I know I’ve been sharing a lot about food and cooking lately, but it’s such an important topic to all humans and especially to people who aren’t sure how they will stay healthy while living a nomadic life. I promise next Wednesday I’ll offer a blog post for rubber tramps that is not related to food, but today I’d like to offer some tips for eating healthy when you’re on the road and you don’t have time to cook.

It’s happened to most of us without a built-in kitchen. We’re traveling in our van or car and can’t find a park or rest area where we can stop and pull out the stove and food and pots and pans and cook ourselves a healthy meal. Maybe we’re traveling in an RV and we could stop anywhere and cook, but we’re on a deadline and can’t take the time to prepare a meal. What’s a nomad trying to eat healthy to do? Today I’ll share ten tips on how to eat well when you’re on the road and don’t have time to cook.

almond, almonds, food#1 Have healthy foods available for snacking or a picnic lunch. You can eat nuts, an apple, carrot sticks, or a LÄRABAR while driving. If you have a few minutes to stop at a gas station or rest area, spread the nut butter of your choice on whole grain bread or have hummus and crackers with carrots or grapes.

#2 If you’re not prepared for a picnic, stop at a supermarket en route. Most big supermarkets have hummus in the cold case, organic fruit and veggies in the produce section, and healthy (or at least healthier) snacks on their own special aisle. If you can find a big supermarket, you should be able to eat well on the fly.

#3 Cook while you’re driving with 12-volt appliances. Truckers have known about 12-volt cookers for years, but now vandwellers and other rubber tramps can use the technology too. The Global Trucker internet store shows a 12-volt slow cooker, a 12-volt sandwich maker, a 12-volt frying pan, a 12-volt “Stove To Go,” and several 12-volt grills. While you probably shouldn’t be grilling veggies or frying tofu while you’re driving, you could be cooking beans in a slow cooker while you’re literally on the road. What could be better than pulling into a rest area and having a hot meal ready for your eating pleasure?

#4 If you have a kitchen in your rig that allows you to cook anywhere, but sometimes find yourself without the time you need to prepare a meal, how about trying a pressure cooker? While I do own a pressure cooker, I just use it as a regular pot.  A friend of mine has a pressure cooker that she uses as the manufacturer intended and she loves it. She can cook dried beans in a mere fraction of their usual cooking time.

#5 If you’re stopping at a gas station anyway, grab some super hot water from the spout near the coffee pots and add it to instant oatmeal, noodles, or soup. Most large gas stations have coffee systems which include hot water dispensers. If you’re not sure you can have water for free, offer to pay for it when you step up to the cash register. Instead of bringing my food into the gas station, I carry a travel mug with lid or even a heavy plastic bottle in, collect some hot water, and take it back to my rig with me.
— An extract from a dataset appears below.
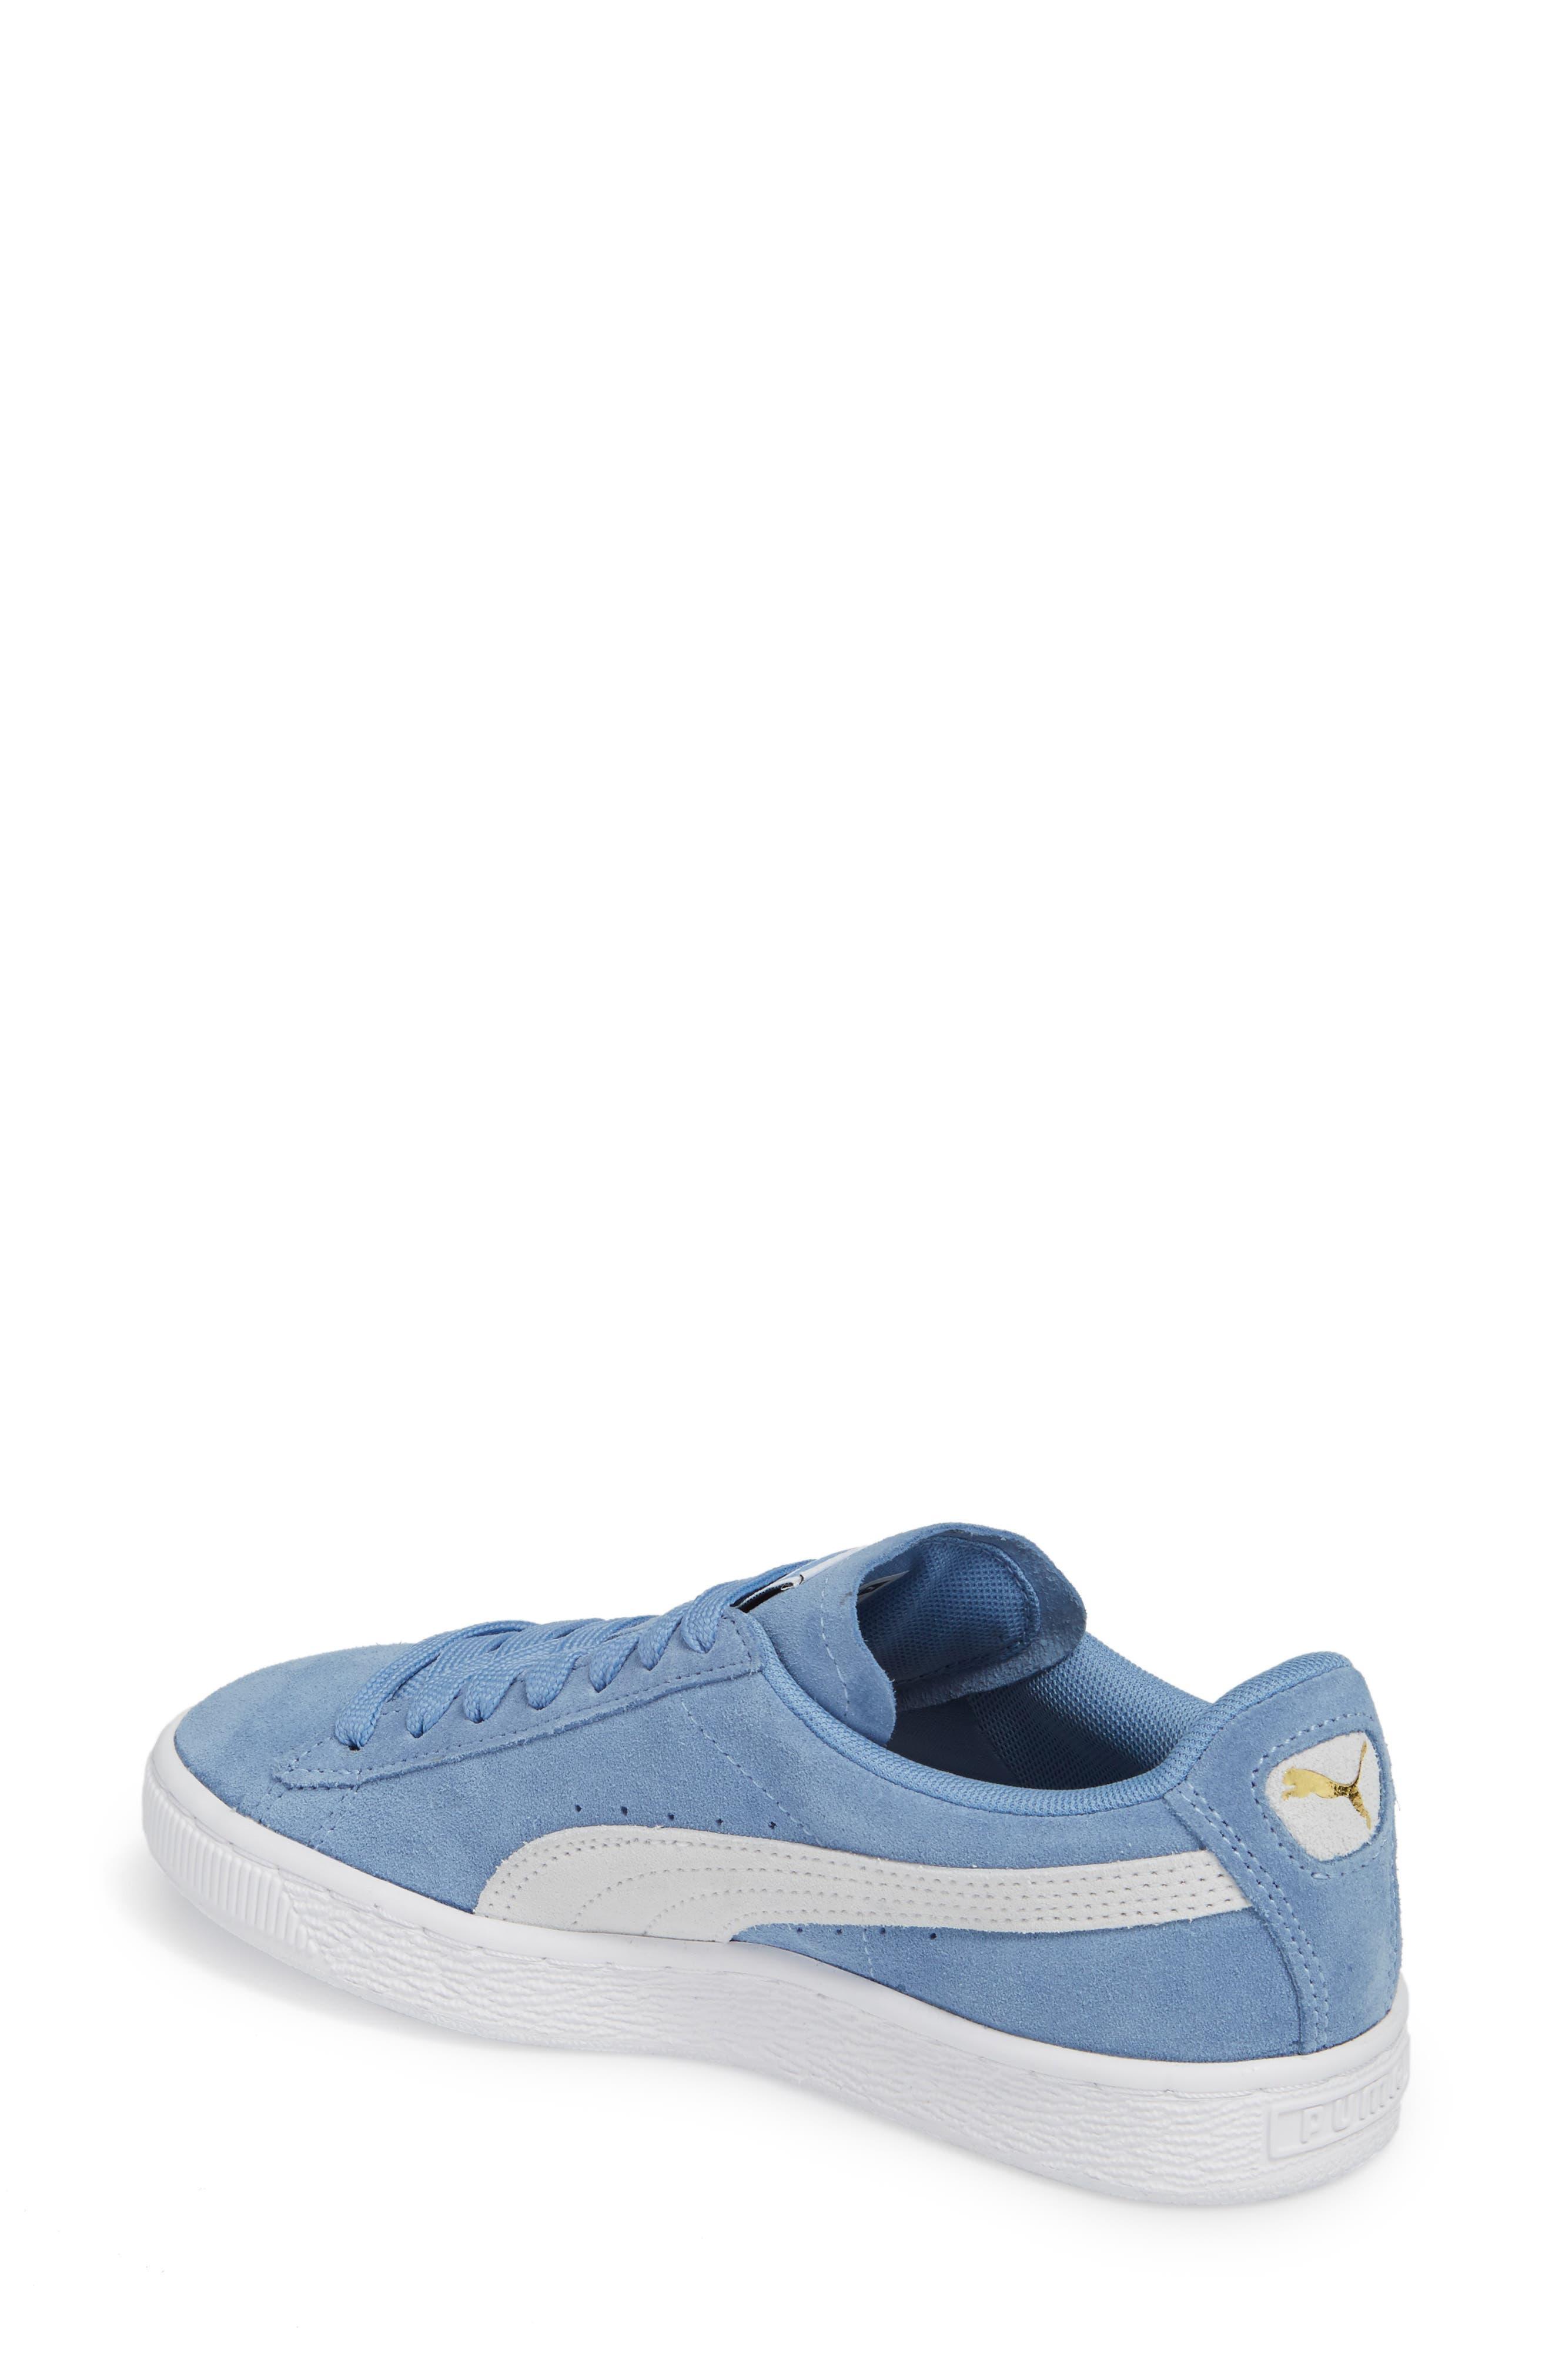 Suede Sneaker,                             Alternate thumbnail 31, color,

Instant noodles and soups may be quick, but mainstream brands aren’t always good for us. The Food Revolution Network website says ramen noodles are

incredibly high in sodium, calories and saturated fat.

Thai Kitchen Instant Rice Noodle Soup, Garlic and Vegetables, 1.6-Ounce Unit (Pack of 12)
I like healthier instant options like Thai Kitchen, and Dr. McDougall’s. I haven’t tried Edward and Sons miso cup instant soups, but they do seem convenient and healthier than conventional instant soup options. Of course, you are probably not going to find any of these brands in a truck stop or gas station, so plan ahead and have some of these instant options stashed in your rig.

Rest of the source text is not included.